→ Data to use:
..............................

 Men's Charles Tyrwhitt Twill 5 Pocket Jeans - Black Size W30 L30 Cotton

..............................

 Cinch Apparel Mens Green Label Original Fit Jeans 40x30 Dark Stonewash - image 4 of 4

..............................

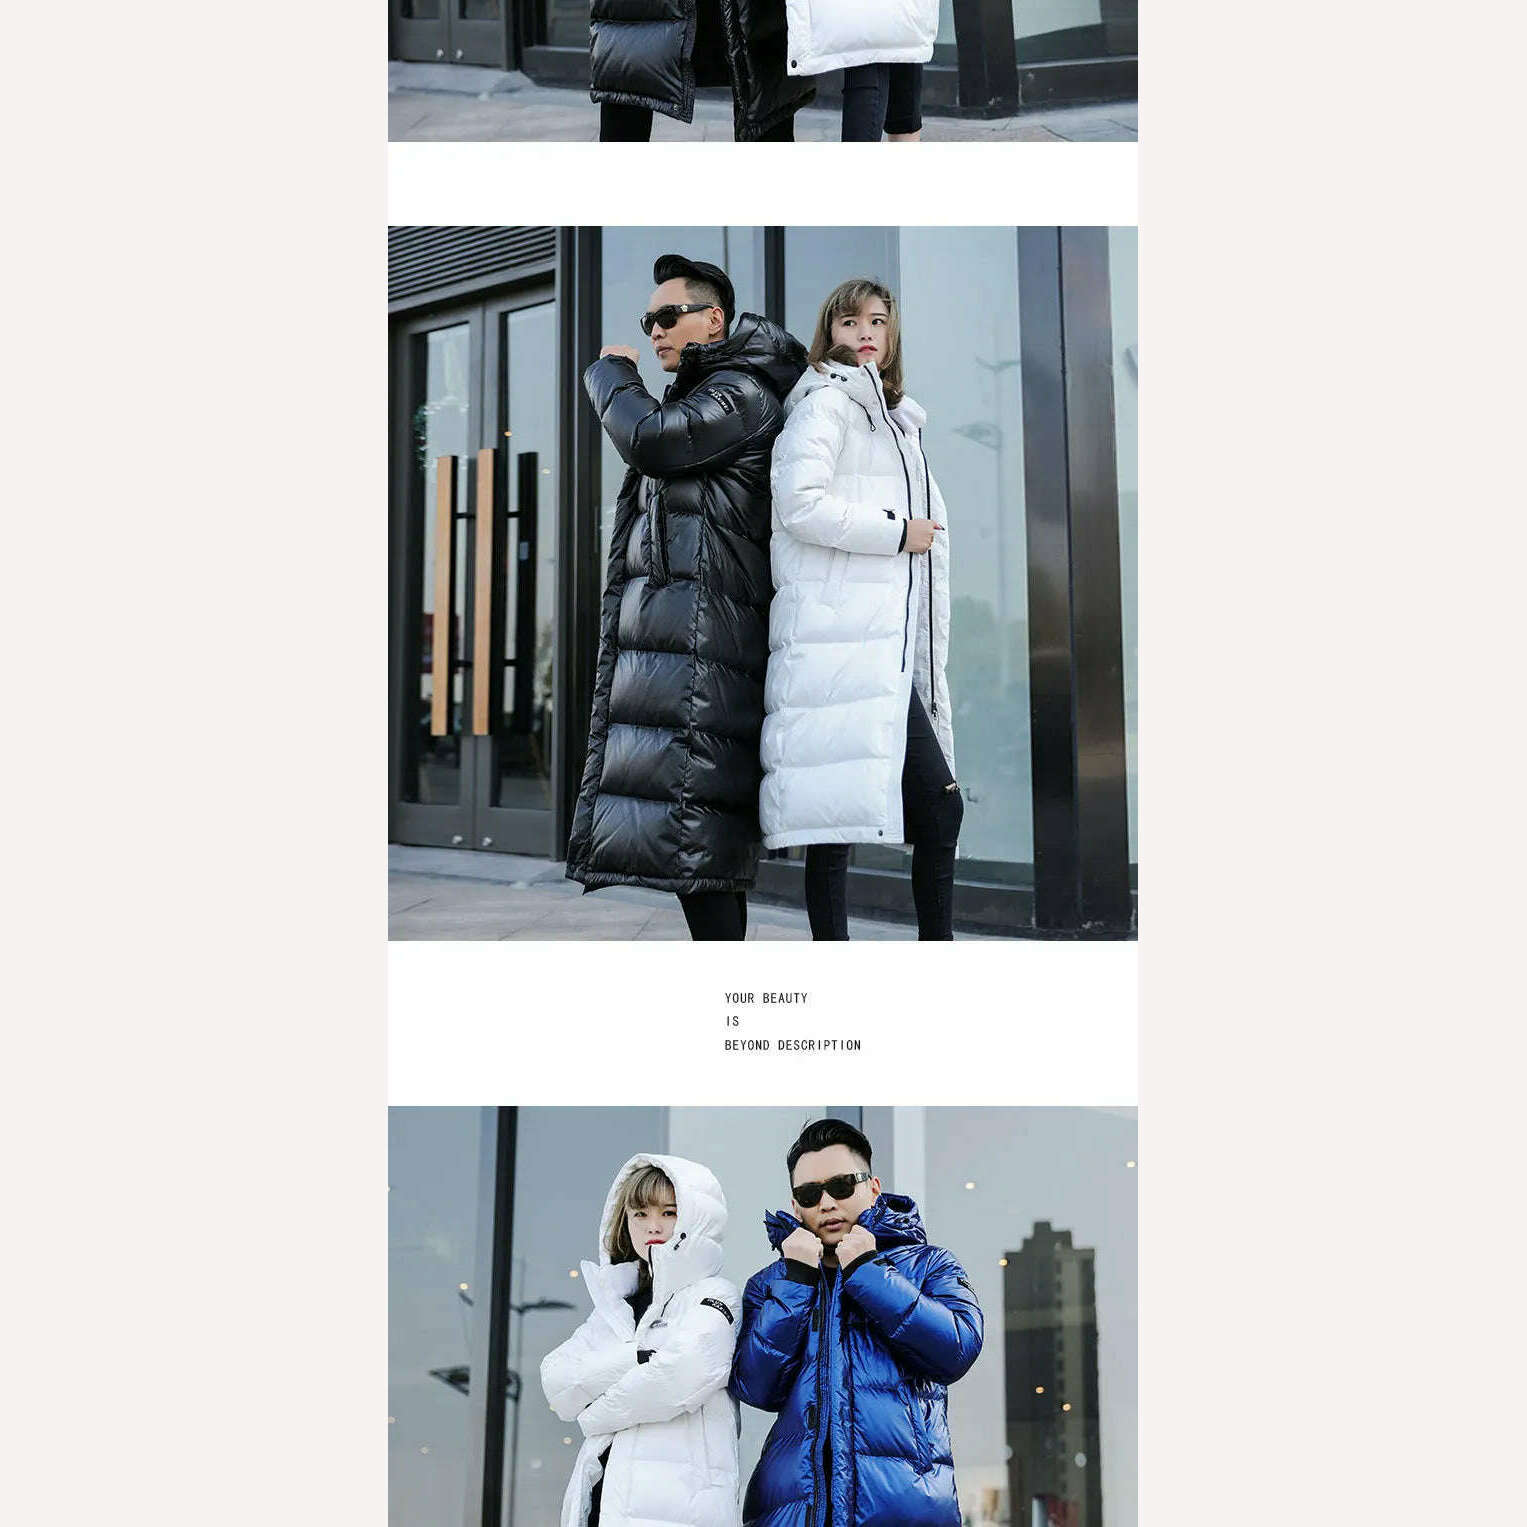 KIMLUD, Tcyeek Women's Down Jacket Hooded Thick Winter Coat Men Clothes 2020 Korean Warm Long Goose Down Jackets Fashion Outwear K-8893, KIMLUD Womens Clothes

..............................

→ Task: The lines needed are those in the data above that hold the string "Jeans"; copy each of them.

→ Answer to the exercise:
 Men's Charles Tyrwhitt Twill 5 Pocket Jeans - Black Size W30 L30 Cotton
 Cinch Apparel Mens Green Label Original Fit Jeans 40x30 Dark Stonewash - image 4 of 4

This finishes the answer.